Now, some code from CAdvancedFileFind, showing its main logic. That is how we initialize: Store the parameter passed at FindFile and do heuristic to exclude most cases where "bugfix" is undesired.

BOOL CAdvancedFileFind::FindFile(LPCTSTR pstrName /* = NULL */,
                DWORD dwUnused
                /* = FIND_FIRST_EX_DO_EXACT_MATCH */)
{
  m_dwLastUnused = dwUnused; // for we can use it in FindNextFile
  m_bNeedFix = false;

  // in fact, this is just a hack: bug takes place when either
  // long name, or short name matches the mask, but in the name
  // of speed, we take following approach ...
  TCHAR *pstrStar = _tcsrchr(pstrName, _T('*'));
  TCHAR *pstrDot = _tcsrchr(pstrName, _T('.'));

  // ...bug takes place if ...

  // ...mask has star and has extension...
  if ((pstrStar != NULL) && (pstrDot != NULL) &&
    (FIND_FIRST_EX_DO_EXACT_MATCH == (dwUnused &
     FIND_FIRST_EX_DO_EXACT_MATCH)))
  {
    // ... and if star is in extension or extension is
    // 3 chars in length without star symbols ('?' symbol works
    // as normal symbol)

    // ... this does not cover some rare search masks
    m_bNeedFix = true;

    int c = 0;
    while (*pstrDot)
    {
      if (*pstrDot != '*')
        c++;
      pstrDot ++;
    }

        // this is commented out because it really behaves badly
    if ((c!=4))    // || (pstrDot > pstrStar))
      m_bNeedFix = false;
  }

  return CFileFind::FindFile(pstrName, dwUnused);
}

This is the main logic: FindNextFile changed from a single invocation of the API to repetitive invocations in cases where we need to fix the bug.

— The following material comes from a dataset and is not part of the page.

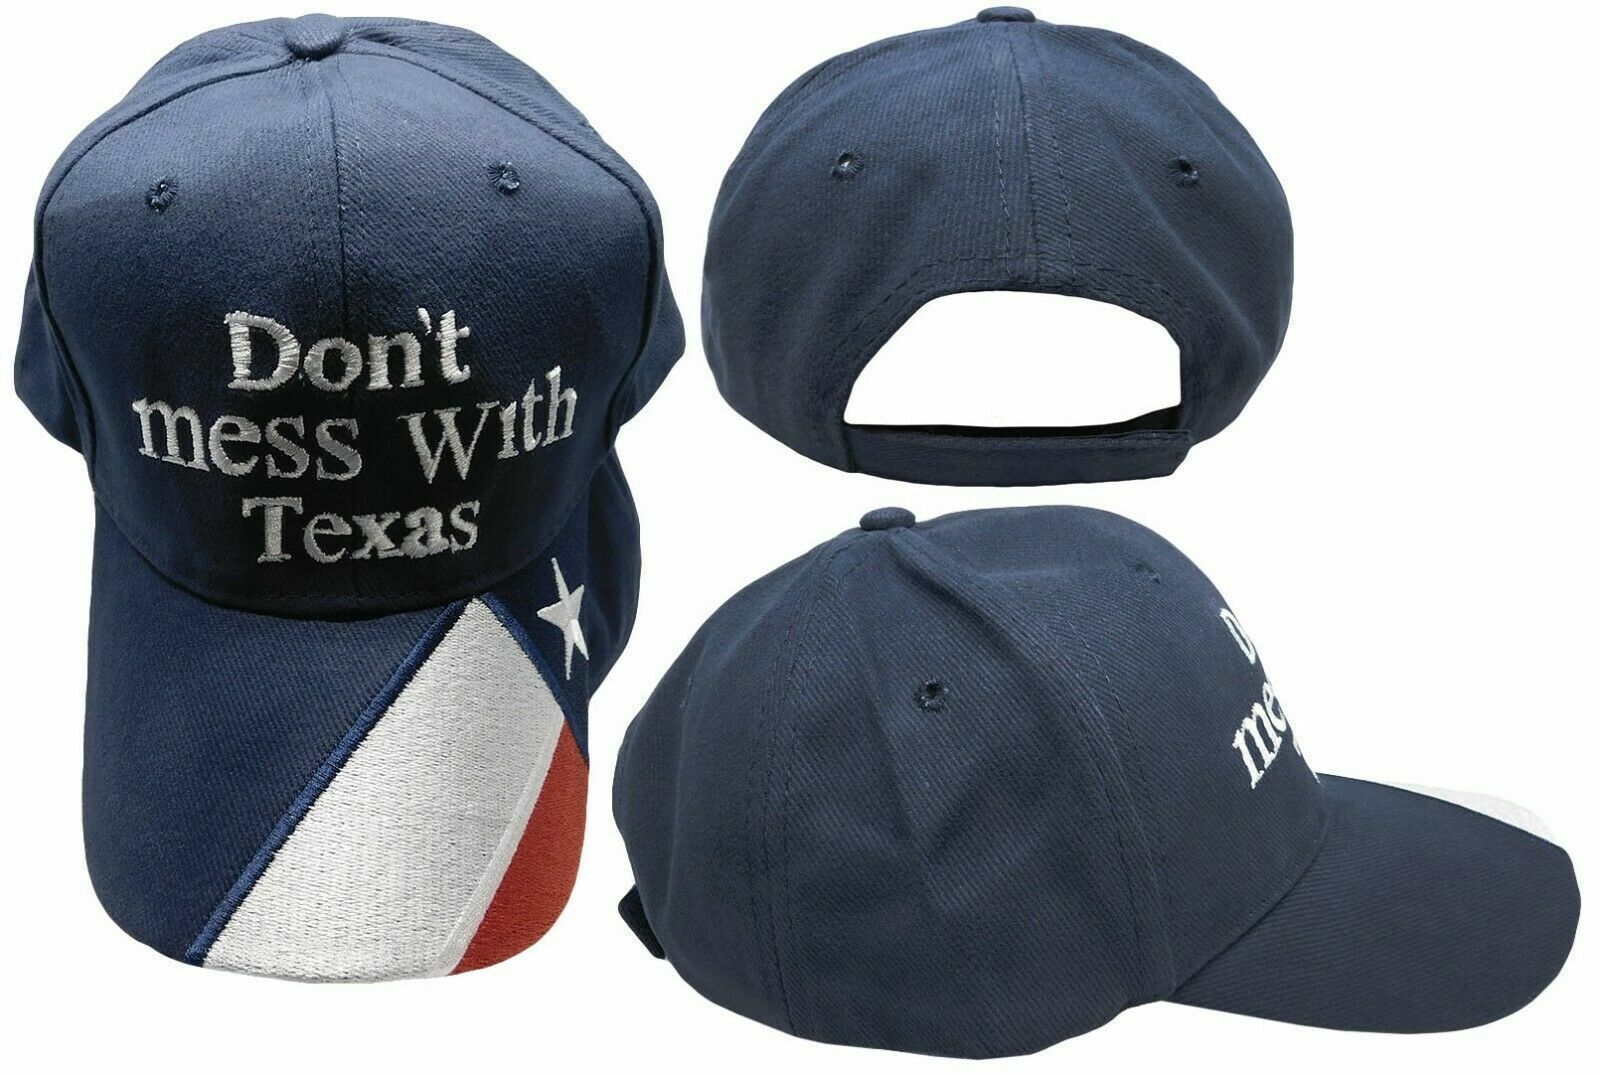 Primary image for Don'T Mess With Texas With Texas Flag On Bill Navy Blue Embroidered Cap Hat

BOOL CAdvancedFileFind::FindNextFile()
{
  if (m_bGotLast)
  {
    SetLastError(ERROR_PATH_NOT_FOUND);
    m_bGotLast = FALSE;
    return FALSE;
  }
  BOOL bResult; DWORD dwErr;
  bResult = CFileFind::FindNextFile();
  dwErr = GetLastError();

  // FIX to MFC's bug! Guess they mean exactly that introducing
  // m_bGotLast member variable
  m_bGotLast = (bResult == FALSE) &&
               ( dwErr==ERROR_NO_MORE_FILES );

  // I really don't know why, but my system (Win2000 Pro, sp3)
  // returns ERROR_FILE_NOT_FOUND when search is Ok, or...
  // those M$-iers... this seems to be "the rule",
  // because shell32.dll uses the same condition as following "if"
  if ((m_bGotLast || (dwErr == ERROR_SUCCESS) ||
                     (dwErr == ERROR_FILE_NOT_FOUND)) &&
    (FIND_FIRST_EX_DO_EXACT_MATCH == (m_dwLastUnused &
     FIND_FIRST_EX_DO_EXACT_MATCH))
    )
    while(1)
    {
      if (HasFoundShortInsteadOfLong())
      {
        if (!bResult)    // if it was the last file...
        {
          // I hope no one will treat "ERROR_PATH_NOT_FOUND"
          // like "got the last file"... really should return
          // ERROR_NO_MORE_FILES but I guess lot of people are
          // already using it to detect "last file" condition,
          // damn! Microsoft really has to overwhelm the find
          // file facility!!!
          SetLastError(ERROR_PATH_NOT_FOUND);
          m_bGotLast = FALSE;
          break;
        }
        bResult = CFileFind::FindNextFile();

      } else {
        // find real match
        break;
      }
    }
  return bResult;
}

And this is the function that detects that the bug took its place... you may change it to "true" wildcard matching, if you like, and then throw off heuristic at the FileFind operation.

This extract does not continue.